* **YOUR INSTRUCTIONS**:
Two lines below mark the span: the one containing "Agora Purple Semi" and the one containing "BMW M5 2019". Set down both, plus every line between, exactly as they stand, and nothing else.

Stored data
╔══
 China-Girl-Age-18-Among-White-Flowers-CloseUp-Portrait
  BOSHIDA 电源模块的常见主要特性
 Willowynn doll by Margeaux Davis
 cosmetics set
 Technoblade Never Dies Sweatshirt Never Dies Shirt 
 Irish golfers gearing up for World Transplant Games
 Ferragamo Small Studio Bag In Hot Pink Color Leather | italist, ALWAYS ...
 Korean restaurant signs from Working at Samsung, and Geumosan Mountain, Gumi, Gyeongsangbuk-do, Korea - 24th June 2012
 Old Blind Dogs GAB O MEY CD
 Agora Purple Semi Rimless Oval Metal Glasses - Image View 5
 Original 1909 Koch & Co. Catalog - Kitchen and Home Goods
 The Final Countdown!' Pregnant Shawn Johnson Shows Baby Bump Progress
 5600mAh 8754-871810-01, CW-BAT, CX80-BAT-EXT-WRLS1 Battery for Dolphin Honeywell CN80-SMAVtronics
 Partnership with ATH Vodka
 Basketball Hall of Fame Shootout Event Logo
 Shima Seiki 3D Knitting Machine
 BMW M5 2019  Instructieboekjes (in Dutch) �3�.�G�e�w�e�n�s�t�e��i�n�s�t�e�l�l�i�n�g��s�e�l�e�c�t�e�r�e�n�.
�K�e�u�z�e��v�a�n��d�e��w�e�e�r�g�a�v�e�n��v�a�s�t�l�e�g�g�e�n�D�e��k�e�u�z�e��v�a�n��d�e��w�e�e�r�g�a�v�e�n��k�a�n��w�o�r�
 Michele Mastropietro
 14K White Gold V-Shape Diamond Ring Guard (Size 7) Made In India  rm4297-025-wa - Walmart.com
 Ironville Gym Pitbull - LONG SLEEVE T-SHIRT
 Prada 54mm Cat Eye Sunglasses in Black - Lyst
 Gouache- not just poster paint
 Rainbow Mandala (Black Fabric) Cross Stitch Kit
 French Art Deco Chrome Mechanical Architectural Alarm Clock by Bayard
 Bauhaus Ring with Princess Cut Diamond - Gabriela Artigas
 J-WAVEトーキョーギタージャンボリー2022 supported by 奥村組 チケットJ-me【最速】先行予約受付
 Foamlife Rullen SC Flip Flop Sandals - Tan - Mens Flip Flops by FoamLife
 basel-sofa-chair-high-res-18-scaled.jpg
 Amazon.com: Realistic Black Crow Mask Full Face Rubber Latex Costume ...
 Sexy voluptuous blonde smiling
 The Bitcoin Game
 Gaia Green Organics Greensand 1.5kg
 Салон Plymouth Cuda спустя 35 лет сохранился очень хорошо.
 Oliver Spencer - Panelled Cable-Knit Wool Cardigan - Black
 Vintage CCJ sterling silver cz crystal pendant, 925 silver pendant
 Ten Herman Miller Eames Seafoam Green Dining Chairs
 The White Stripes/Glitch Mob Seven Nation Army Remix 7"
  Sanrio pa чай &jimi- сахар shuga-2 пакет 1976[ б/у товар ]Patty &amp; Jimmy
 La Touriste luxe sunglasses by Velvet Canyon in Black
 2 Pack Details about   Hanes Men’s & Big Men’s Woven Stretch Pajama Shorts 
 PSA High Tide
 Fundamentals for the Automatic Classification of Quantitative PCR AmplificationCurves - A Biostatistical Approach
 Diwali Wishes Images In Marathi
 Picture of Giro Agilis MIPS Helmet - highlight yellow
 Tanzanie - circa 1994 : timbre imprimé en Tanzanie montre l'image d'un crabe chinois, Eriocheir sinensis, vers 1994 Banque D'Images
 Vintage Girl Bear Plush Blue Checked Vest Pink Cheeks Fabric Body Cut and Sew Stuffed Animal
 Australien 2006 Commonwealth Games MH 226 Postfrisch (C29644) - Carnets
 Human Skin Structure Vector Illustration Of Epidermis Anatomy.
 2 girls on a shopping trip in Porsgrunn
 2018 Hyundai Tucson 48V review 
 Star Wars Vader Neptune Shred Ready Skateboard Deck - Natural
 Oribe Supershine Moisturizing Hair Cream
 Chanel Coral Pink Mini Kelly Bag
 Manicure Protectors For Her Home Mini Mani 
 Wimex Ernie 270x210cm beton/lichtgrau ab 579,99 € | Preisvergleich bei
╚══
* **ANSWER BOX**:
 Agora Purple Semi Rimless Oval Metal Glasses - Image View 5
 Original 1909 Koch & Co. Catalog - Kitchen and Home Goods
 The Final Countdown!' Pregnant Shawn Johnson Shows Baby Bump Progress
 5600mAh 8754-871810-01, CW-BAT, CX80-BAT-EXT-WRLS1 Battery for Dolphin Honeywell CN80-SMAVtronics
 Partnership with ATH Vodka
 Basketball Hall of Fame Shootout Event Logo
 Shima Seiki 3D Knitting Machine
 BMW M5 2019  Instructieboekjes (in Dutch) �3�.�G�e�w�e�n�s�t�e��i�n�s�t�e�l�l�i�n�g��s�e�l�e�c�t�e�r�e�n�.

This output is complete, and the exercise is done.